Bukankah hal ini yang lebih mendesak dan penting dalam rangka menyelamatkan generasi dari kerusakan? Daripada sibuk bernarasi radikal-radikul, lebih utama menyelamatkan dan memperhatikan generasi kita agar terdidik cerdas serta berkarakter mulia. Mustahil bisa melahirkan generasi seperti ini dalam sistem sekulerisme.
Islam Menjaga Generasi
Pendidikan adalah pilar penting sebuah peradaban. Untuk menilai baik buruknya peradaban sebuah bangsa, lihatlah generasinya. Jika generasi rusak, peradaban tersebut tidak layak menjadi contoh.

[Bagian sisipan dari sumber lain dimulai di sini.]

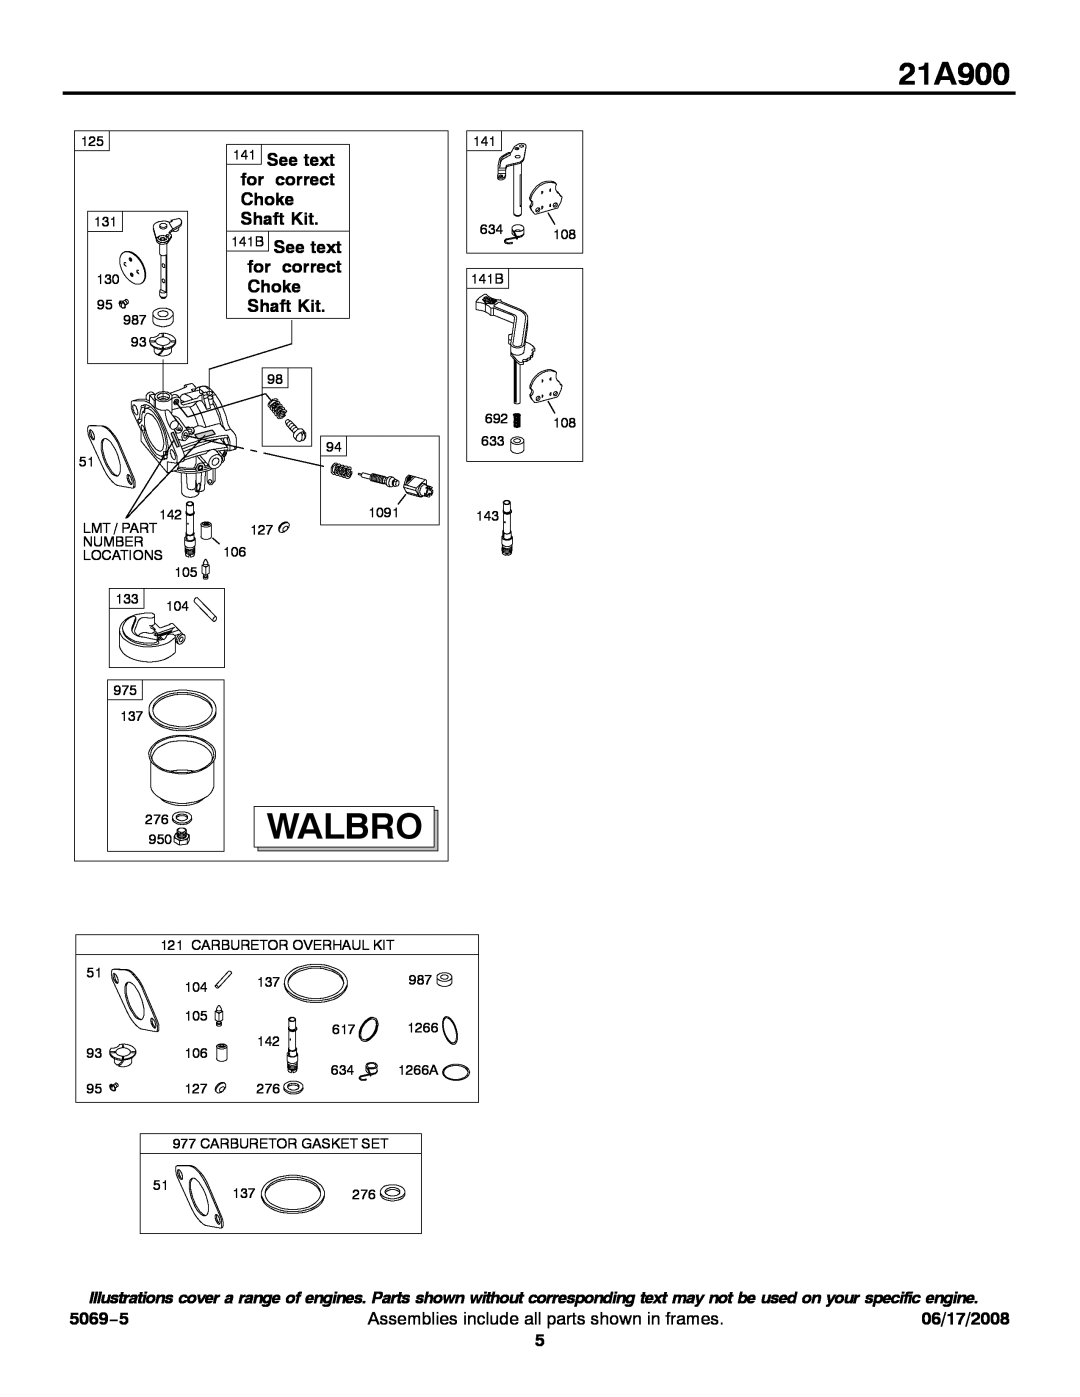 Briggs & Stratton 21A900 service manual Walbro

Peradaban kapitalisme melahirkan banyak generasi “sampah”, contohnya di Amerika, Jepang, Korea, dan Eropa. Sekalipun disebut sebagai negara maju dengan kecanggihan teknologinya, hal itu tidak diimbangi dengan kualitas karakter generasi. Pernikahan sejenis dilegalkan, pergaulan bebas merajalela, perzinaan membudaya, dan angka bunuh diri sangat tinggi. Inikah yang disebut negara maju dan beradab? Jelas tidak.

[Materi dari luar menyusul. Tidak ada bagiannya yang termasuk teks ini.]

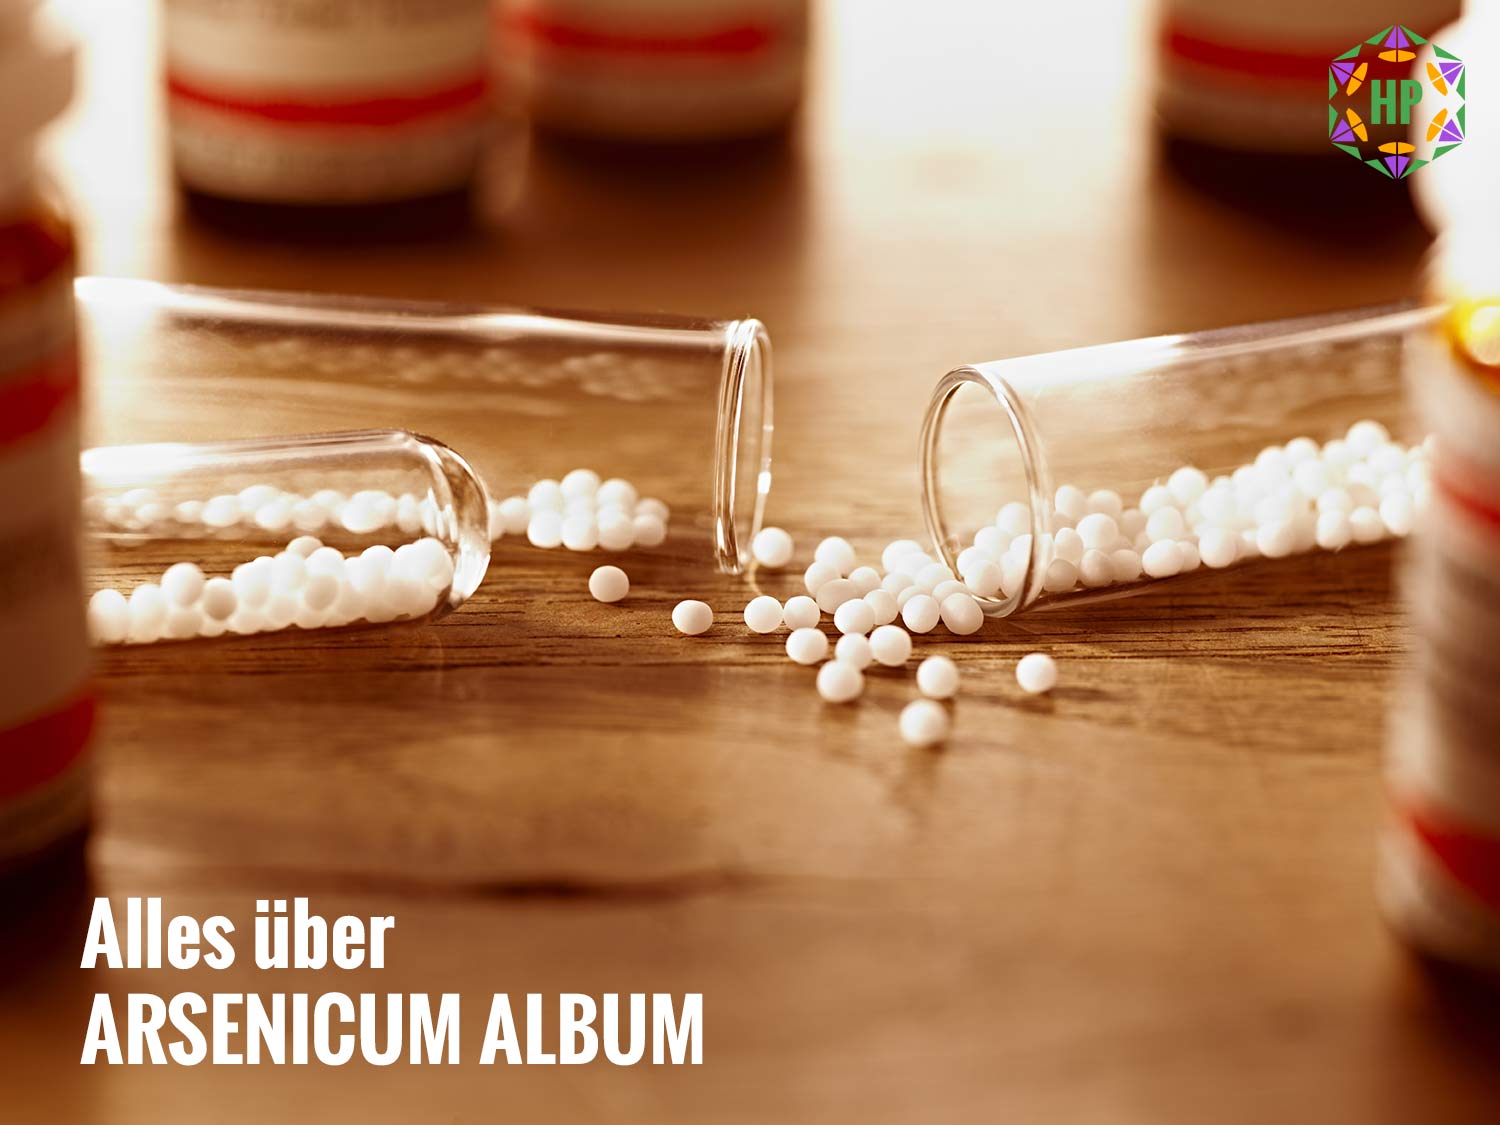 Arsenicum album

Sungguh, Islam adalah sebaik-baik role model membangun peradaban maju dan berkarakter hebat. Berikut di antara rahasia Islam mampu bertahan dan menguasai dunia hingga 1.300 tahun lamanya.
Pertama, penerapan sistem pendidikan Islam secara holistik, yaitu kurikulum berbasis akidah Islam. Semua jenjang pendidikan dalam sistem Khilafah harus mengacu kurikulum ini. Tidak ada dikotomi agama dan ilmu dunia. Setiap ilmu yang dipelajari akan membuat iman makin kuat mengingat betapa luasnya ilmu Allah Swt. dan kebesaran Allah dalam menciptakan kehidupan ini.
Kedua, penerapan politik ekonomi Islam yang menyejahterakan. Politik ekonomi Islam akan menjadikan negara sebagai poros utama pelaksana pendidikan serta pelayan umat. Negara akan memfasilitasi saran pendidikan dengan infrastruktur yang lengkap dan memadai. Negara memenuhi kebutuhan pokok rakyat berupa sandang, pangan, dan papan dengan memberi kemudahan mendapatkannya.